Most of the distances are longer than what we were looking for, but they are still considerably shorter than what we saw before:

```
figsize(9,6)
ps = rdDistGeom.ETKDGv3()
ps.randomSeed = 0xf00d
ps.SetBoundsMat(bounds)
cids = rdDistGeom.EmbedMultipleConfs(m,500,ps)
dists = [rdMolTransforms.GetBondLength(conf,0,8) for conf in m.GetConformers()]
hist(dists,bins=20,label='constraints');
title('ETKDG');
hist(dists_etkdg,bins=20,label='no constraints');
legend();
xlabel('O--N distance');
```

So that answers our original question: the "constraints" we place on the conformers by modifying the bounds matrix aren't strict, so the additional terms added by ETKDG can result in them being violated. But the results are still significant biased towards the region of conformer space we wanted to explore.

Let's try forcing conformations which have distances consistent with an intra-molecular hydrogen bond.
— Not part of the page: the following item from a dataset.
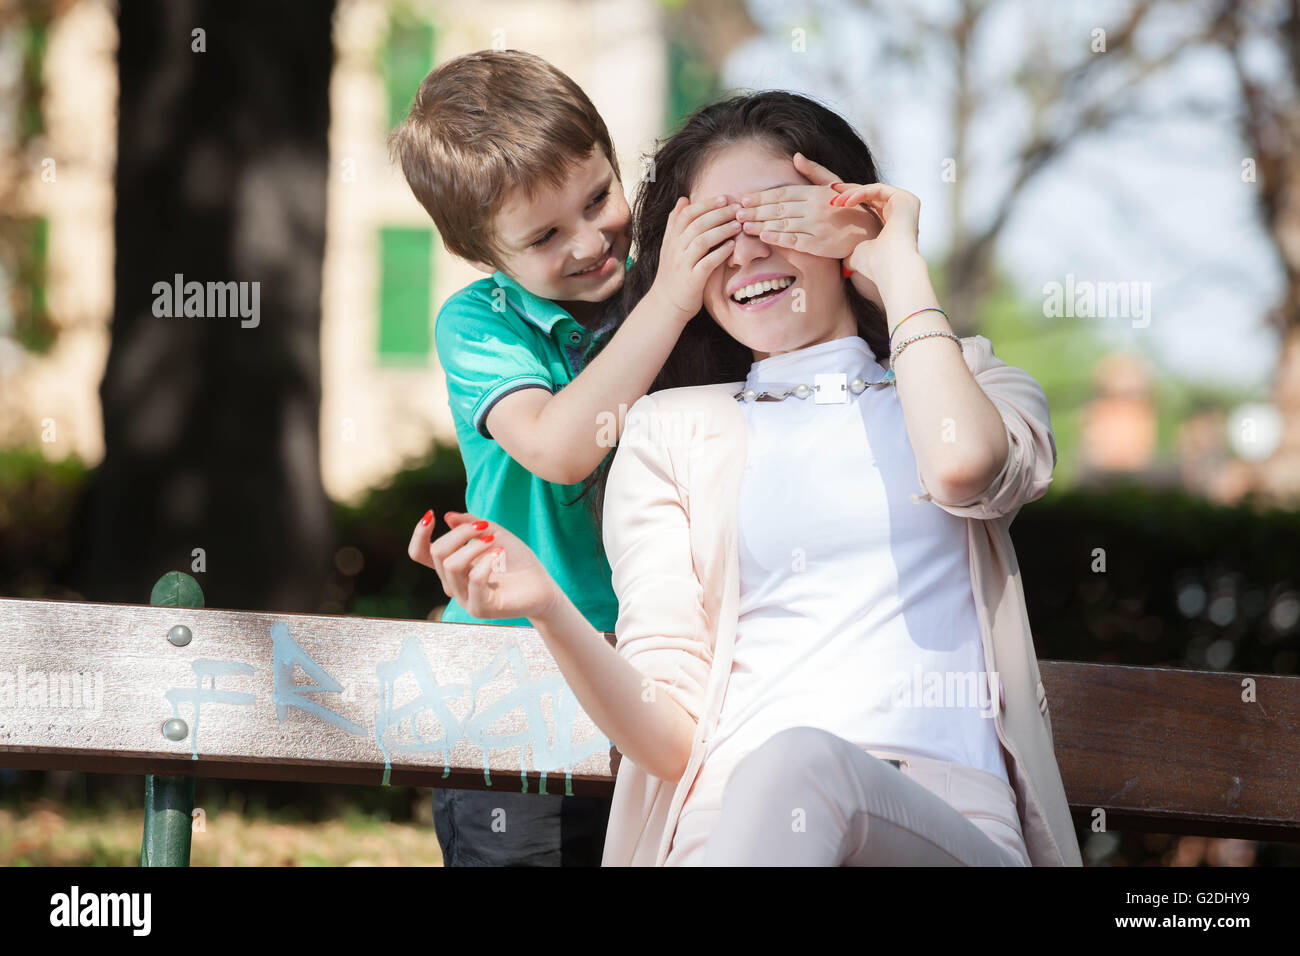 Garçon enfant jouant dans le parc devinez qui avec sa jeune maman ou tante Banque D'Images

Here we need to modify the bounds matrix elements between both the O and the N as well as the O and one of the Hs attached to the N. If we don't adjust the O-N distance bounds too we end up with a bounds matrix which cannot be smoothed.

```
bounds = rdDistGeom.GetMoleculeBoundsMatrix(m)
bounds[0,25] = 1.9
bounds[25,0] = 1.8
bounds[0,8] = 3.2
bounds[8,0] = 2.9
from rdkit import DistanceGeometry
DistanceGeometry.DoTriangleSmoothing(bounds)
```

```
figsize(9,6)
ps = rdDistGeom.EmbedParameters()
ps.useExpTorsionAnglePrefs = False
ps.useBasicKnowledge = False
ps.randomSeed = 0xf00d
ps.SetBoundsMat(bounds)
cids = rdDistGeom.EmbedMultipleConfs(m,500,ps)
dists = [rdMolTransforms.GetBondLength(conf,0,25) for conf in m.GetConformers()]
hist(dists,bins=20);
xlabel('O--H-N distance');
```

```
print(rdMolTransforms.GetBondLength(m.GetConformer(cids[0]),0,25) )
IPythonConsole.drawMol3D(m,confId=cids[0])
```

Try using ETKDG:

```
figsize(6,6)
ps = rdDistGeom.ETKDGv3()
ps.randomSeed = 0xf00d
ps.SetBoundsMat(bounds)
cids = rdDistGeom.EmbedMultipleConfs(m,500,ps)
dists = [rdMolTransforms.GetBondLength(conf,0,25) for conf in m.GetConformers()]
hist(dists,bins=20);
title('ETKDG, with constraints');
xlabel('O--H-N distance');
```

```
print(rdMolTransforms.GetBondLength(m.GetConformer(cids[0]),0,25) )
IPythonConsole.drawMol3D(m,confId=cids[0])
```

The O--H-N distances here aren't completely obeying the 1.8-1.9 distance bounds we imposed, but they seem to match a bit better than what we saw above when we constrained the O--N distance. I think that's likely because now we have an additional constraining term - the O--H distance as well as the O--N distance - to help override the ETKDG preferences.

So to repeat the conclusion: modifying the distance bounds matrix doesn't act as a hard constraint when we include ETKDG terms in the conformer generation process, but it definitely biases the results towards the areas of conformer space which we were trying to access.